This story originally appeared on Reuters

Reuters | Pawel Kopczynski

The U.S. National Security Agency ended its daily vacuuming of millions of Americans' phone records on Sunday and will replace the practice with more tightly targeted surveillance methods, the Obama administration said.

As required by law, the NSA ended its wide-ranging surveillance program by 11:59 p.m. EST Saturday (4:59 a.m. GMT Sunday) and expects to have the new, scaled-back system in place by then, the White House said.

The transition is a long-awaited victory for privacy advocates and tech companies wary of broad government surveillance at a time when national security concerns are heightened in the wake of the Paris attacks earlier this month.

It comes two and a half years after the controversial program was exposed by former NSA contractor Edward Snowden. The move, mandated by a law passed six months ago, represents the greatest reduction of U.S. spying capabilities since they expanded dramatically after the Sept. 11, 2001 attacks.

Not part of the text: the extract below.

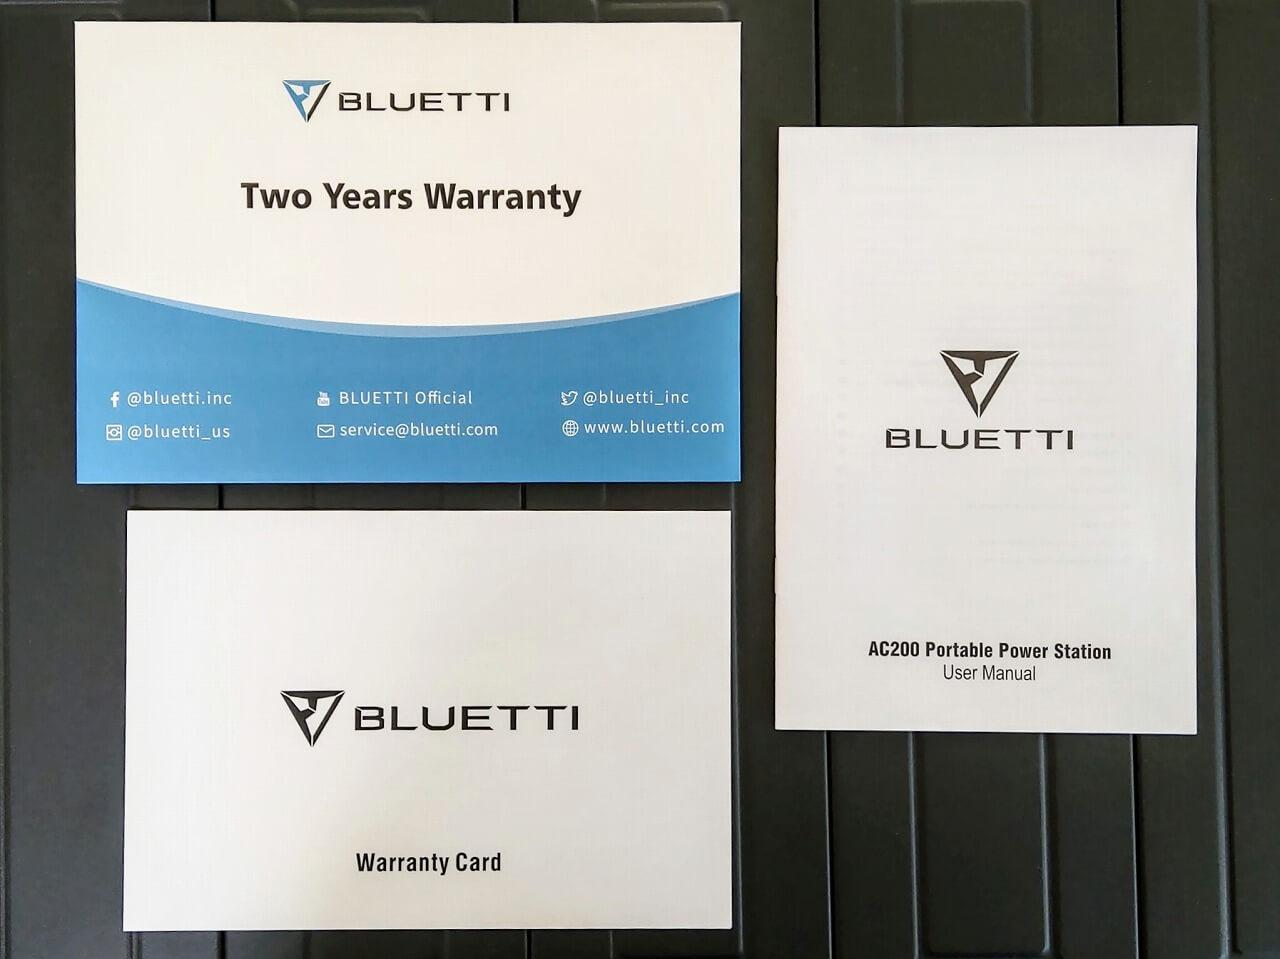 BLUETTI ポータブル電源 AC200Pの保証書と取扱説明書

Under the Freedom Act, the NSA and law enforcement agencies can no longer collect telephone calling records in bulk in an effort to sniff out suspicious activity. Such records, known as "metadata," reveal which numbers Americans are calling and what time they place those calls, but not the content of the conversations.

Instead analysts must now get a court order to ask telecommunications companies like Verizon Communications to enable monitoring of call records of specific people or groups for up to six months.

"The act struck a reasonable compromise which allows us to continue to protect the country while implementing various reforms," National Security Council spokesman Ned Price said.

Some Republican lawmakers want to preserve bulk collection until 2017, citing the Nov. 13 Paris attacks in which 130 people died. The Islamic State has claimed responsibility for the killings.

But any new surveillance measures are unlikely to become law ahead of the November 2016 presidential elections.

A presidential review committee concluded the surveillance regime did not lead to a single clear counter terrorism breakthrough that could be directly attributed to the program.

Metadata collected by the NSA over the past five years will be preserved for "data integrity purposes" through February 29, the White House said.

After that the NSA will purge all of its historic records once pending litigation is resolved.